Buford & Kolberg              Experimental                      [Page 6]

RFC 7019                ALM Extensions to RELOAD          September 2013


3.2.  Overlay Multicast

  The overlay supports concurrent multiple multicast trees.  The limit
  on the number of concurrent trees depends on peer and network
  resources and is not an intrinsic property of the overlay.

3.3.  RELOAD

  We use RELOAD [RELOAD] as the peer-to-peer (P2P) overlay for data
  storage and the mechanism by which the peers interconnect and route
  messages.  RELOAD is a generic P2P overlay, and application support
  is defined by profiles called Usages.

3.4.  NAT

  Some nodes in the overlay may be in a private address space and
  behind firewalls.  We use the RELOAD mechanisms for NAT traversal.
  We permit clients to be leaf nodes in an ALM tree.

3.5.  Tree Topology

  All tree control messages are routed in the overlay.  Two types of
  data or media topologies are envisioned: 1) tree edges are paths in
  the overlay, and 2) tree edges are direct connections between a
  parent and child peer in the tree, formed using the RELOAD AppAttach
  method.

4.  Architecture Extensions to RELOAD

  There are two changes as depicted in Figure 2.  New ALM messages are
  mapped to RELOAD Message Transport using the RELOAD experimental
  message type.  A plugin for ALM algorithms handles the ALM state and
  control.  The ALM algorithm is under control of the application via
  the Group API [COMMON-API].

















Buford & Kolberg              Experimental                      [Page 7]

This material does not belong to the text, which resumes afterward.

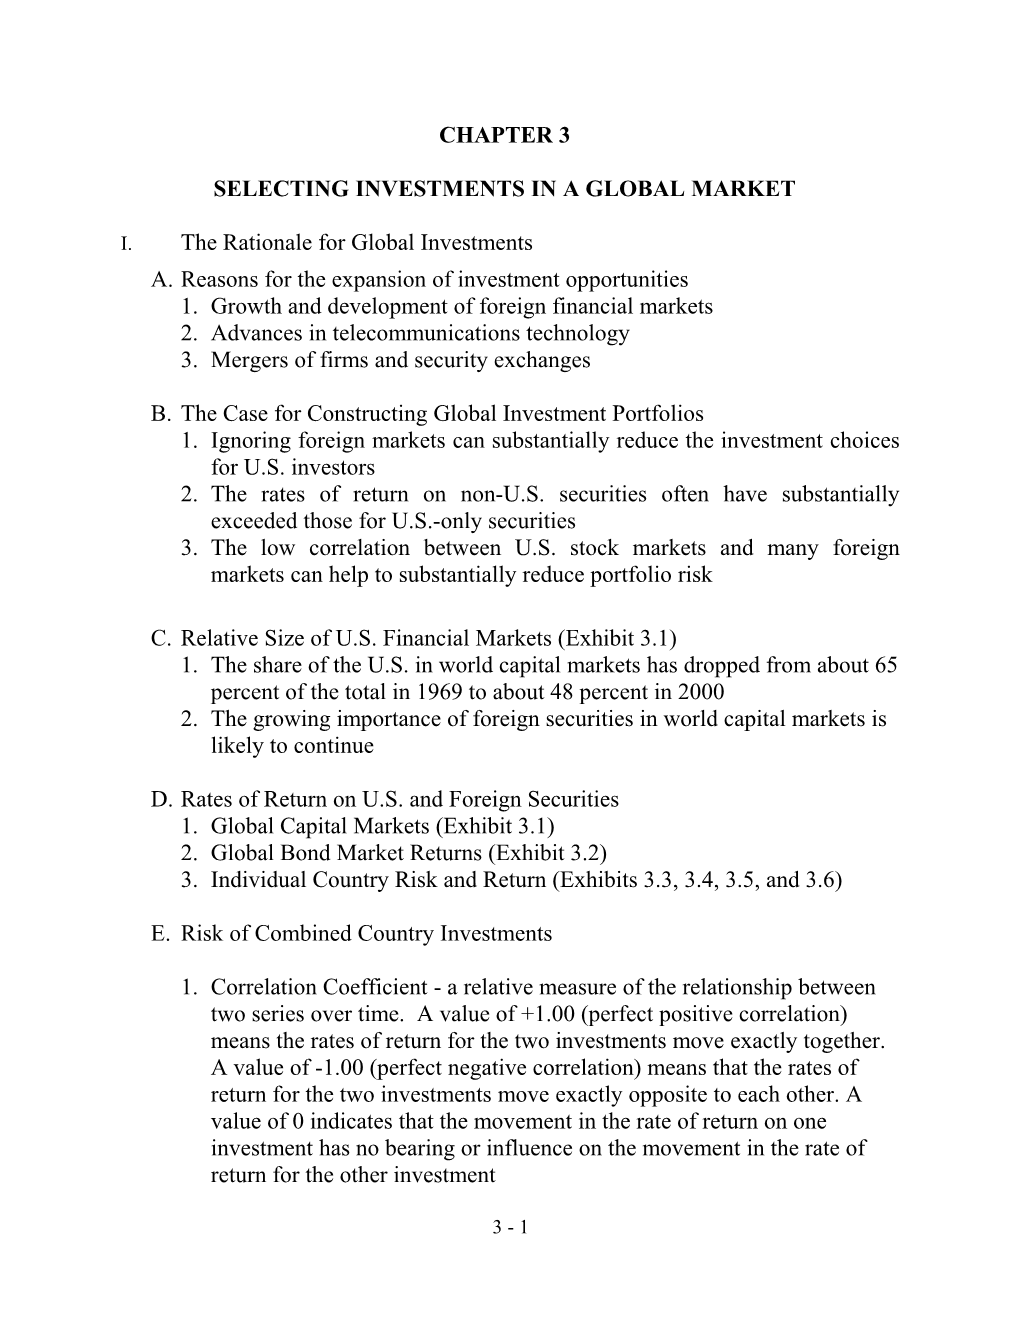 Selecting Investments in a Global Market

RFC 7019                ALM Extensions to RELOAD          September 2013


                                                      +---------+
                                                      |Group API|
                                                      +---------+
                                                           |
         ------------------- Application  ------------------------
             +-------+                                     |
             | ALM   |                                     |
             | Usage |                                     |
             +-------+                                     |
          -------------- Messaging Service Boundary --------------
                                                           |
            +--------+      +-----------+---------+    +---------+
            | Storage|<---> | RELOAD    | ALM     |<-->| ALM Alg |
            +--------+      | Message   | Messages|    +---------+
                    ^       | Transport |         |
                    |       +-----------+---------+
                    v          |    |
                   +-------------+  |
                   | Topology    |  |
                   | Plugin      |  |
                   +-------------+  |
                      ^             |
                      v             v
                   +-------------------+
                   | Forwarding &      |
                   | Link Management   |
                   +-------------------+

          ---------- Overlay Link Service Boundary --------------

                Figure 2: RELOAD Architecture Extensions

  The ALM components interact with RELOAD as follows:

  o  ALM uses the RELOAD data storage functionality to store an ALMTree
     instance when a new ALM tree is created in the overlay and to
     retrieve ALMTree instance(s) for existing ALM trees.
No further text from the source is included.